§ Your objective
Using the material below, tally each line with the string "Dark" and report only the total.

Segment Open

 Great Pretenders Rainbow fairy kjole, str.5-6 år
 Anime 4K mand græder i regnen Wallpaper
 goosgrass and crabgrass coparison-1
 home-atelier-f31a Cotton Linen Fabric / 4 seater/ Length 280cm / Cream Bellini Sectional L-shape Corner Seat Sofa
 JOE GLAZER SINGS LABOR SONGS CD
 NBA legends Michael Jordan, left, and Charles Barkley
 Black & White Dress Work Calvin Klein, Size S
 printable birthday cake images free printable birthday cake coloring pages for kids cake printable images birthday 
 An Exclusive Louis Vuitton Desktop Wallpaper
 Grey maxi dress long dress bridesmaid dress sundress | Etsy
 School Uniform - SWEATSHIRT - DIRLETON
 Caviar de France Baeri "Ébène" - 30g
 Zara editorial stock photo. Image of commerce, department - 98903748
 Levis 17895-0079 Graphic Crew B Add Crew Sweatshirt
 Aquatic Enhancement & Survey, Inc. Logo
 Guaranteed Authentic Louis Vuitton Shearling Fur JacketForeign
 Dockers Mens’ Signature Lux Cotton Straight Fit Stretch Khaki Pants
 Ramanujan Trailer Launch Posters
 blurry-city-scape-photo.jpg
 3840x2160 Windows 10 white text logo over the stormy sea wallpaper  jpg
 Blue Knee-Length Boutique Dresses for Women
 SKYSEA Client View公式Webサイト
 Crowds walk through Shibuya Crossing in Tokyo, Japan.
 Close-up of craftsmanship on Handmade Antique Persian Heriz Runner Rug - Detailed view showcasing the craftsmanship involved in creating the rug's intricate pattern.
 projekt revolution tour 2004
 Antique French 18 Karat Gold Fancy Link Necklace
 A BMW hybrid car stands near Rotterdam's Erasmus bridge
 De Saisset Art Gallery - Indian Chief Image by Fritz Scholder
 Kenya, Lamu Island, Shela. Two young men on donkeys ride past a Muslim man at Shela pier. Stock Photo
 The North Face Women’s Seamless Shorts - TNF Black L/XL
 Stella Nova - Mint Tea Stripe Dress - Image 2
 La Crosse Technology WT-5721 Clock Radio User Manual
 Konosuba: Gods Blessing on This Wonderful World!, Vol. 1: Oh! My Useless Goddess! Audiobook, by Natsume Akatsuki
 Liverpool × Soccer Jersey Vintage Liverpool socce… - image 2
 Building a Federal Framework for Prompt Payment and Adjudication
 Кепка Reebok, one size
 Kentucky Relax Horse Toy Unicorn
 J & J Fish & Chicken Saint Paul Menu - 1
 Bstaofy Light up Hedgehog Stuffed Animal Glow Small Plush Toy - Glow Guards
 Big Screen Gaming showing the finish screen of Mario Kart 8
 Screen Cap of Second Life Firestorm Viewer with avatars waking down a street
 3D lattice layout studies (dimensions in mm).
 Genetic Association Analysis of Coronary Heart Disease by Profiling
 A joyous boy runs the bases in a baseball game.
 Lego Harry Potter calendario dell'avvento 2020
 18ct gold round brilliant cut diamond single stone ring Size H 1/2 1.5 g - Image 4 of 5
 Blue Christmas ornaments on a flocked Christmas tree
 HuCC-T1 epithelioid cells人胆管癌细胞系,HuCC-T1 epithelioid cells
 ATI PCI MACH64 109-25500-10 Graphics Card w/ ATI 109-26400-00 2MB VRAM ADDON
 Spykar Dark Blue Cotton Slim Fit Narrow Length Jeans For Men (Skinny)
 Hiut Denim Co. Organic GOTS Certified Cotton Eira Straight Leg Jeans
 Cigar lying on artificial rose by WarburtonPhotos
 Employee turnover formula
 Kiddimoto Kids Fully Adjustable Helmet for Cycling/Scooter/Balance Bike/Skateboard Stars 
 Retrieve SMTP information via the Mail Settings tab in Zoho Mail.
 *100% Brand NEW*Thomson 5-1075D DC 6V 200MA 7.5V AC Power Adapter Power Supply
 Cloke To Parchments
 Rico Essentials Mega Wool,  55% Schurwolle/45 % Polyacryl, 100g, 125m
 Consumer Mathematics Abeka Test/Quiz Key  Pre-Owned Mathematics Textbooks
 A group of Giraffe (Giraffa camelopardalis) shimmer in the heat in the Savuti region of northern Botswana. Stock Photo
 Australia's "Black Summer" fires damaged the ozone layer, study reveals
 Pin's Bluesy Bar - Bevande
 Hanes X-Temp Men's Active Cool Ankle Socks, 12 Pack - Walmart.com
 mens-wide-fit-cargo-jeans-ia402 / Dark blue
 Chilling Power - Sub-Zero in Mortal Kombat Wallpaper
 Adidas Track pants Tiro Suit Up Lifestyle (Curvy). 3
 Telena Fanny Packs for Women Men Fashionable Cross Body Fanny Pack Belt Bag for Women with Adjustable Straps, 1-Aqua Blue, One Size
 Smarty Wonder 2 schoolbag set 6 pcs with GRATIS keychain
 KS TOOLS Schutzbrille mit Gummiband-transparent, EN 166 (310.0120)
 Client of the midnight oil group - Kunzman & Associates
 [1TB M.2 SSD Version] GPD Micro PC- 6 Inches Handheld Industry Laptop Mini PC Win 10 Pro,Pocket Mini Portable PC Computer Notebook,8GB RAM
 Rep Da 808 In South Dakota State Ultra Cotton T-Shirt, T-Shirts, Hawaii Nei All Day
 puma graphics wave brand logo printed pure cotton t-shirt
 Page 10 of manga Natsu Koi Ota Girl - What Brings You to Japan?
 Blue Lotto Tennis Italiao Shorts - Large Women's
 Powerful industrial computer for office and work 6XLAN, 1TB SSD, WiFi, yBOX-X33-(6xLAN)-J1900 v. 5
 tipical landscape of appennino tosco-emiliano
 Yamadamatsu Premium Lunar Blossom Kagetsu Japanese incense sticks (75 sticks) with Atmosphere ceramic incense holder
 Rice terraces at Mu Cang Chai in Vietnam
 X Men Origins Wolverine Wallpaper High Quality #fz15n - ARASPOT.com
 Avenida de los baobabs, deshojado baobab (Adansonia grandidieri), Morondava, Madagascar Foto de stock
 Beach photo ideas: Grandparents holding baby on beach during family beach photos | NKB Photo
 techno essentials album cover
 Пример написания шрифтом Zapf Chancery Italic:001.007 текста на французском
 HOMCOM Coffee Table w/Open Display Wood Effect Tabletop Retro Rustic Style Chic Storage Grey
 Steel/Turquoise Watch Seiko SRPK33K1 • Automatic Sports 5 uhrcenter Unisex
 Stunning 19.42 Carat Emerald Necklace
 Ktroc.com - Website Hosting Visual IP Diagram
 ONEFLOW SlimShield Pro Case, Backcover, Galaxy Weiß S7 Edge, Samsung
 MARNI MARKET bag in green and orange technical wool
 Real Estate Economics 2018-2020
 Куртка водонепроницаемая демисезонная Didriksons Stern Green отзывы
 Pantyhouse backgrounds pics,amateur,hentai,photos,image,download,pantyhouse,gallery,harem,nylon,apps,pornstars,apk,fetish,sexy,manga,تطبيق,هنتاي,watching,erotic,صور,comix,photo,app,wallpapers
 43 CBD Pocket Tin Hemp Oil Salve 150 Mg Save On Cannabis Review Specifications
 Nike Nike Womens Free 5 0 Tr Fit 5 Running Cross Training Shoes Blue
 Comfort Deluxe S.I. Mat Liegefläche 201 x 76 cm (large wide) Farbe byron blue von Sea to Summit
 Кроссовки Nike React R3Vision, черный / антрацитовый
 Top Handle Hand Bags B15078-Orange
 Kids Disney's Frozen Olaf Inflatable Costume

Segment Closed

§ Answer for this exercise
2